As I think (and hope) I've said numerous times throughout this website, genetics is a changing science. Information that was up to the minute a couple of years ago is now terribly out of date.
For example, the main culprit gene in Dr Coming's day (1990) was 4q31, which has since been disproved. Then, on the Genetics page of this website, written about 2006, the main gene was 11q23.
So, when I got the chance to check back into OMIM (the best online resource I've found for this stuff) I was not surprised to see that 11q23 has been relegated to the status of secondary contributing gene.
It now appears a study by Miranda, Wigg, Cabia, Feng, Sador and Barr shows the very palindromic 13q31 position is the area of major concern, specifically the SLITRK1 gene in this region. Since it was announced numerous studies have been done on SLITRK1. While they cannot undoubtedly prove that it is the correct gene yet, they have ruled out a lot of reasons why it wouldn’t be correct.
On OMIM, however, the biggest change has come from the description of the genes themselves. Instead of saying "We think that chromosome position 11q23 is where the problem lies, the current OMIM line is that they have ruled out only half of the human genome in the search for TS, and in fact genes that sit on chromosome 2, 3, 4q, 5, 7, 11 and 17q25 have all been implicated in increasing the severity of GTS conditions.
If I may, smugly, refer back to something I said a couple of years back:
Consider Black eye syndrome:
'Sue' was hit in the eye with a cricket ball, and got a bruise.

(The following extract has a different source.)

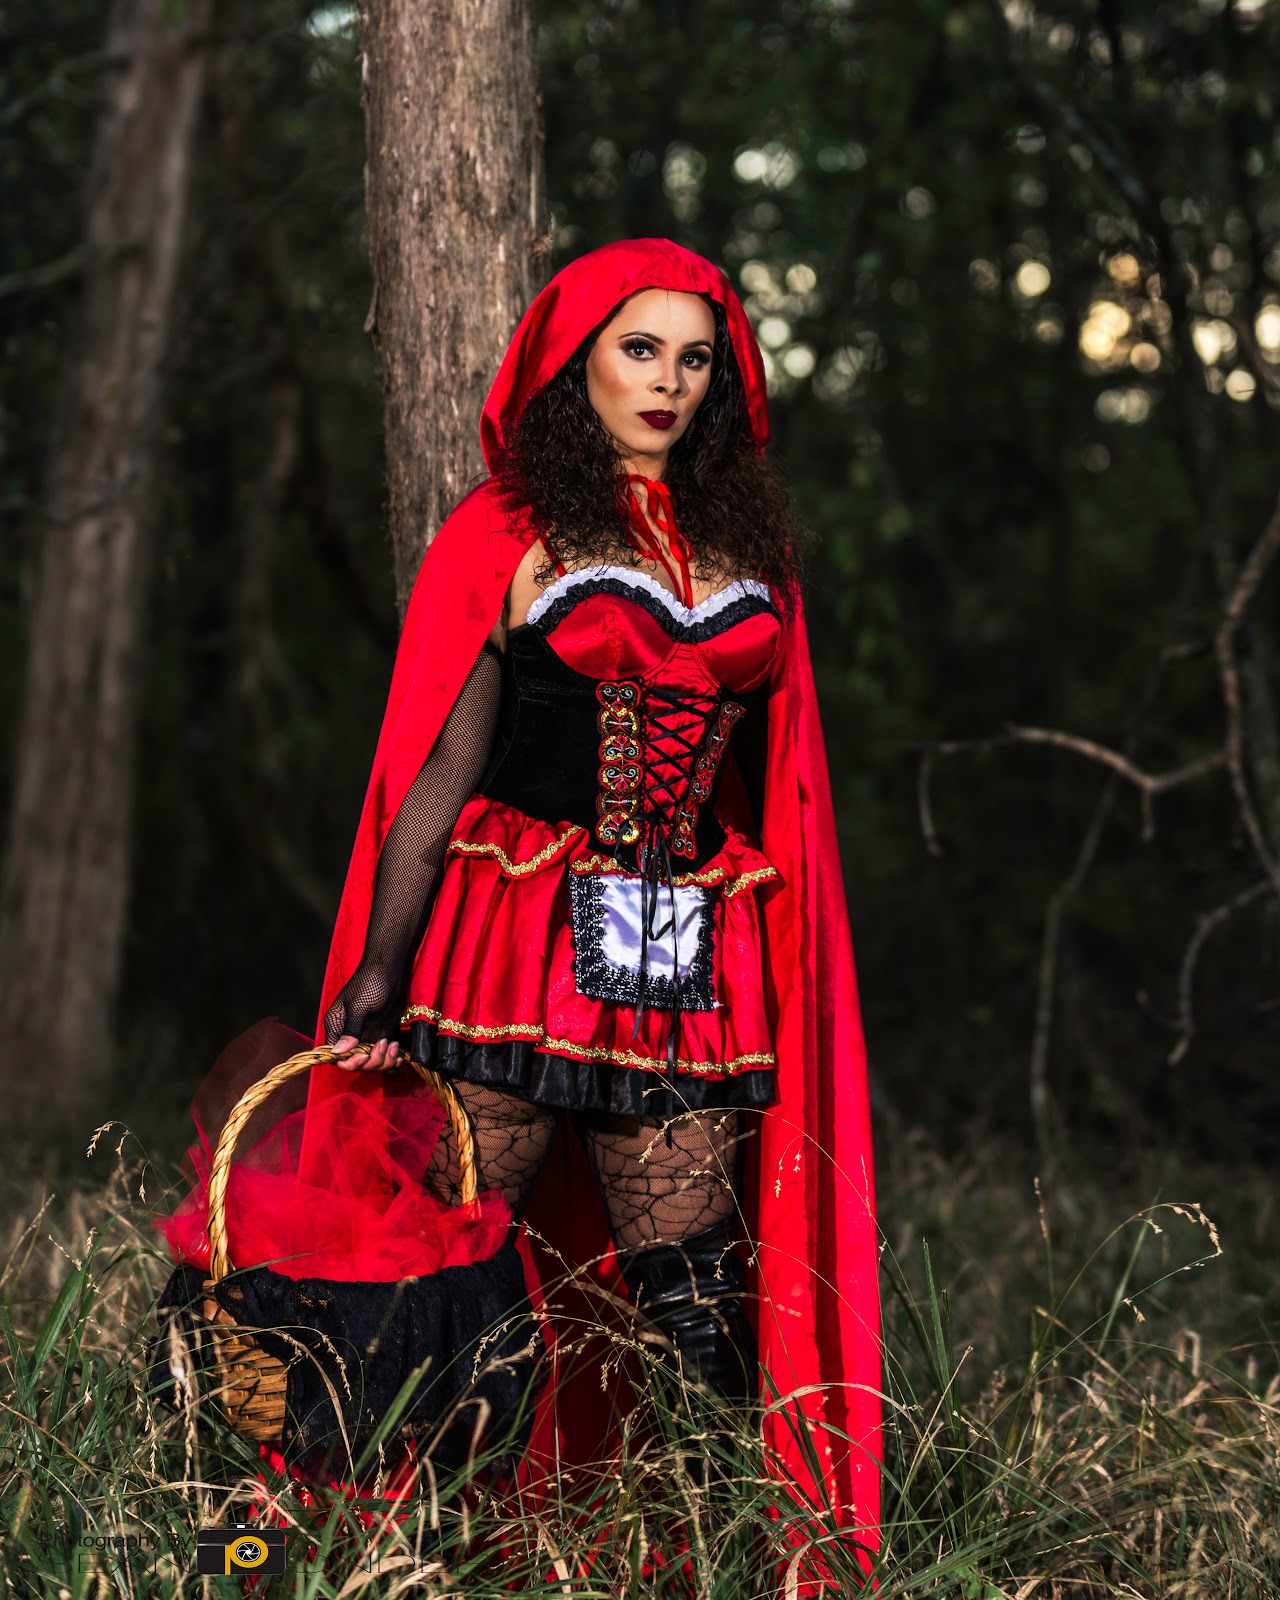 Photography by Sean Ponder: The Little Red Riding Hood - A Cosplay Shoot
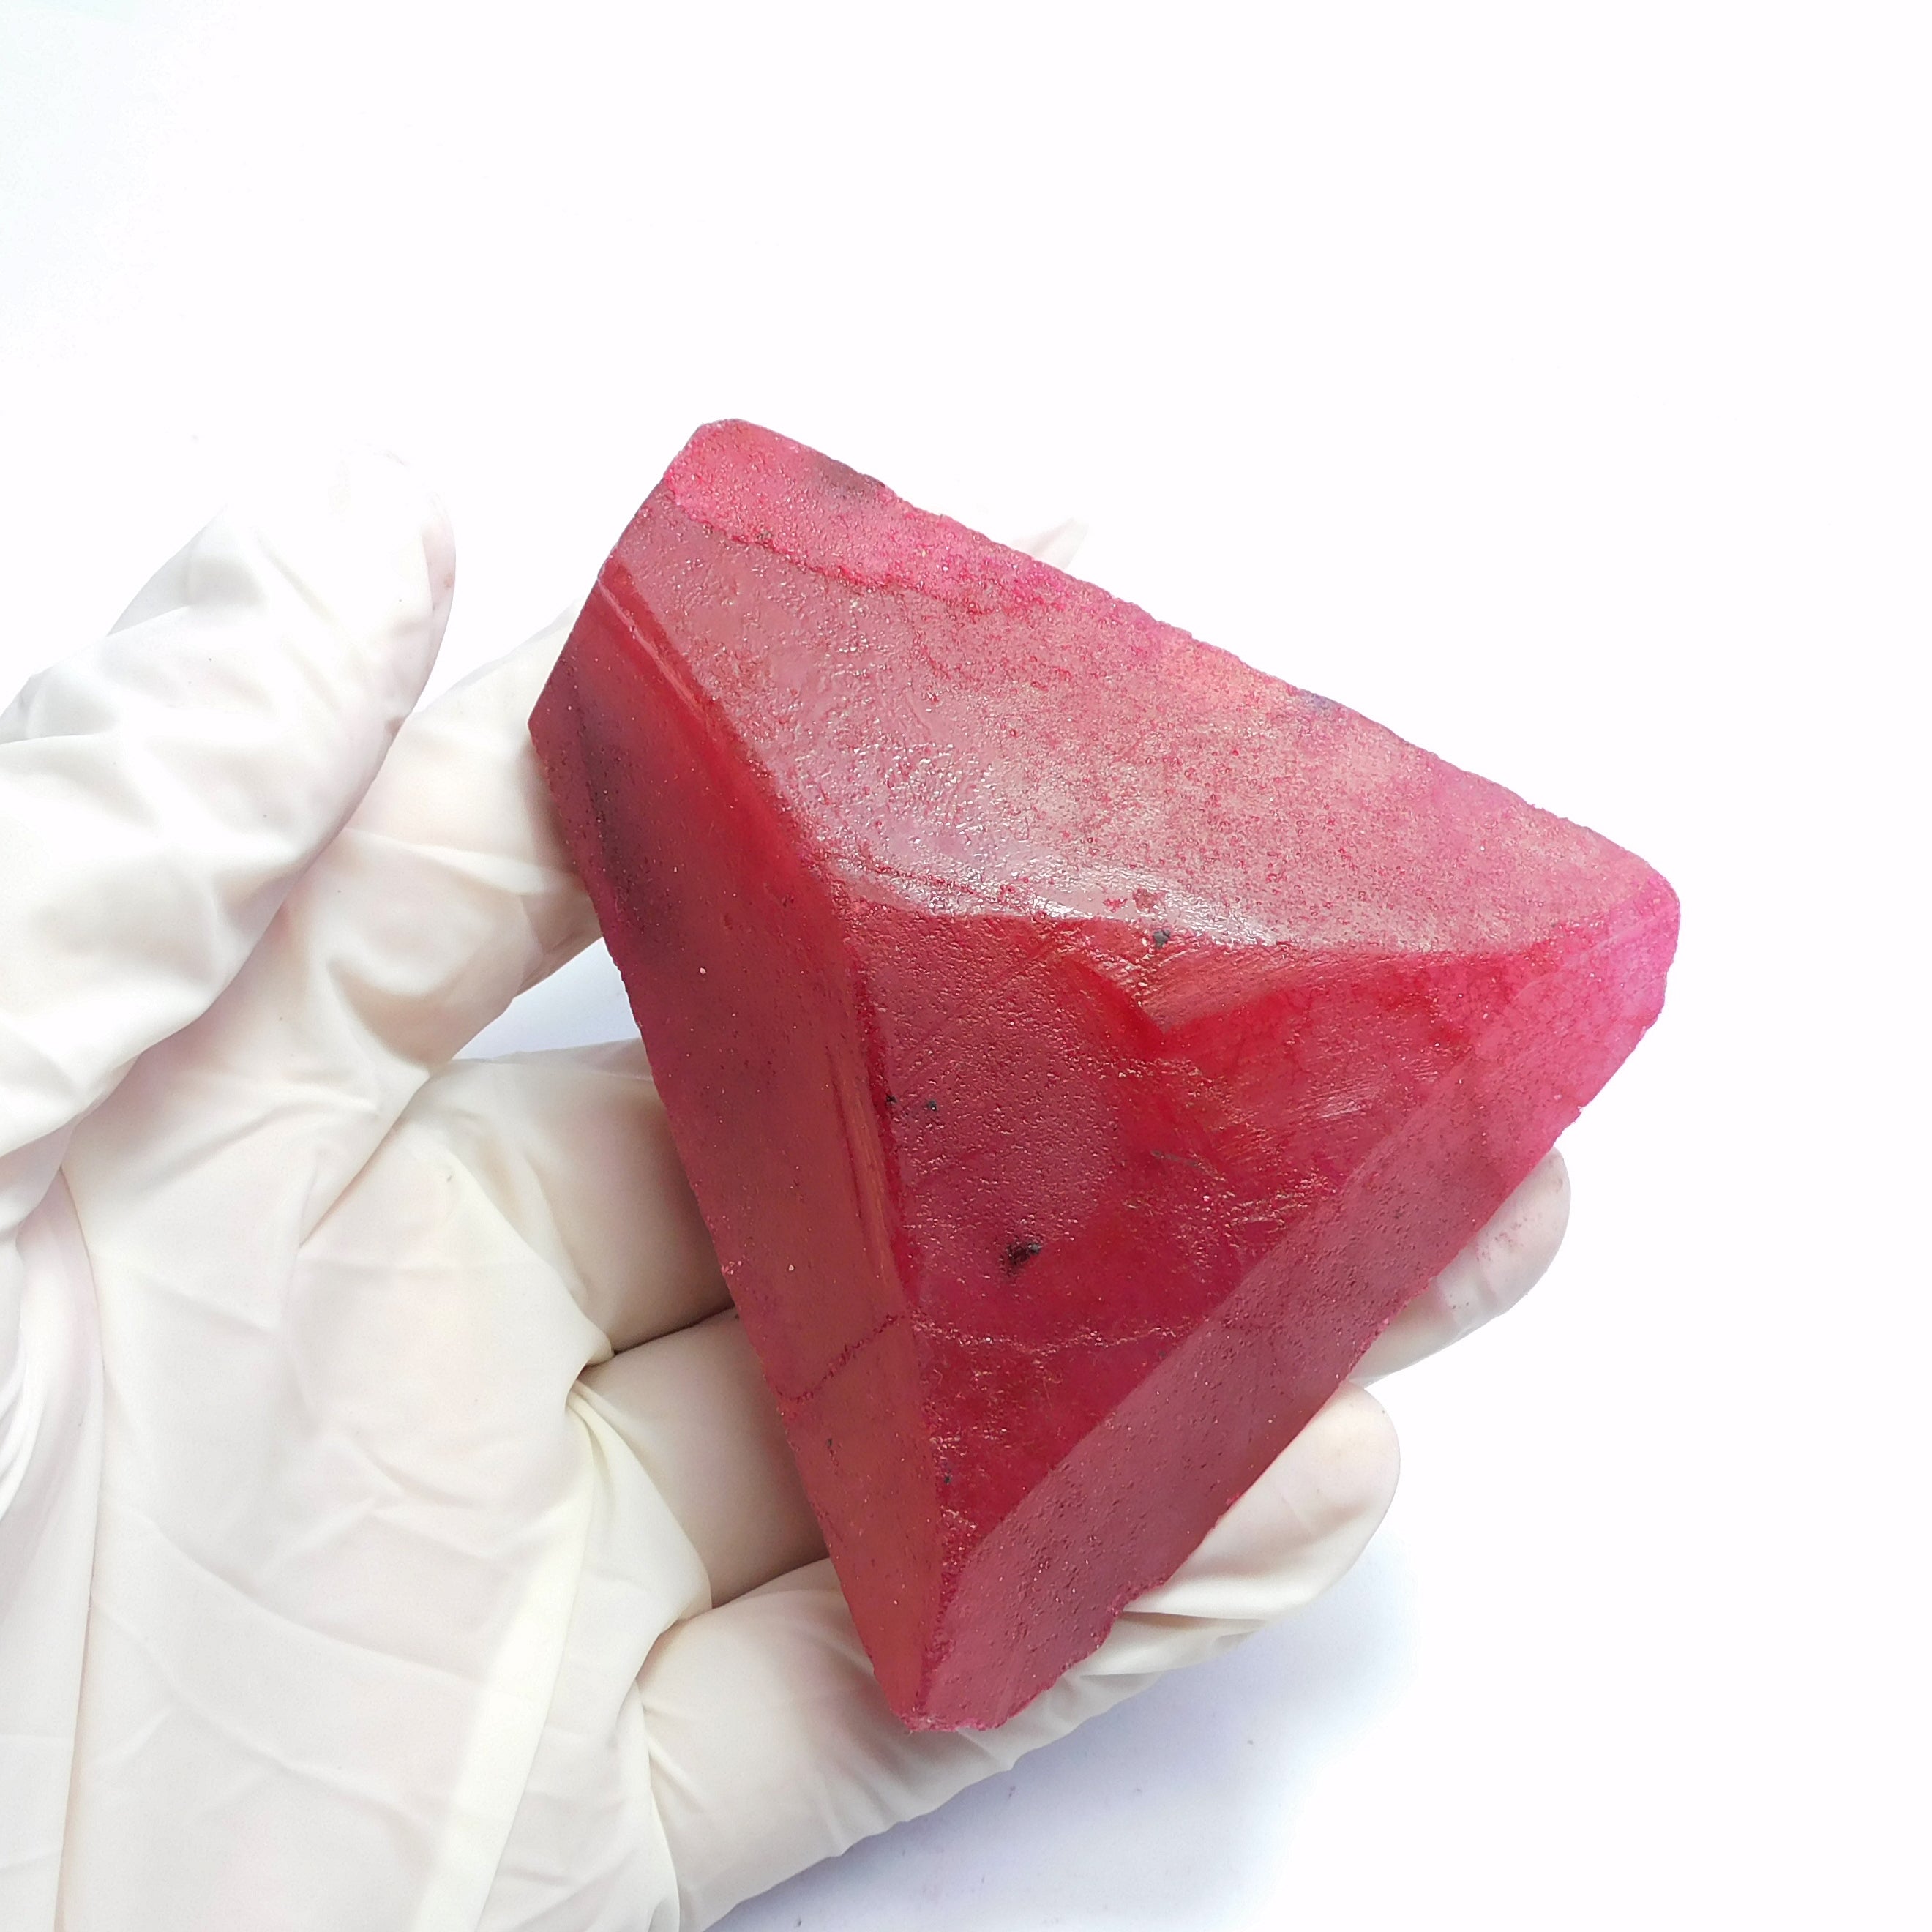 Beautiful Jwelery Making Huge Size Rough 722.00 Carat Natural Ruby Red Uncut Rough CERTIFIED Natural Loose Gemstone | Gift For Her/ Him | Best Offer

'Bob' was bitten by a mosquito next to the eye, and it bruised.
If DSM IV-TR was used, these people would both have "Black-eye syndrome", even though the cause is completely different!
It looks like this parallel is still valid today, if not more so! You can have a mutation at 4q31, or 11q23 or even 5q7 and you may show signs of Tourette’s Syndrome. Even if you share no genetic similarity between you and another person, you can both still have TS.
Now, what this means for the general person on the street with TS, is that you could have a genetic test done on you and your wife, and neither could show a mutation at 13q31, and you could go on to have all TS children.
So, the best way to determine if your child is going to have a GTS symptom is a pedigree after all! A genetic test would have to take into account almost half the human genome, and would take forever!
That's a bit of a blow for genetic engineering on GTS (for the moment) but it does mean that seeing a genetic councilor is currently, and will be for a long time, the best option you have!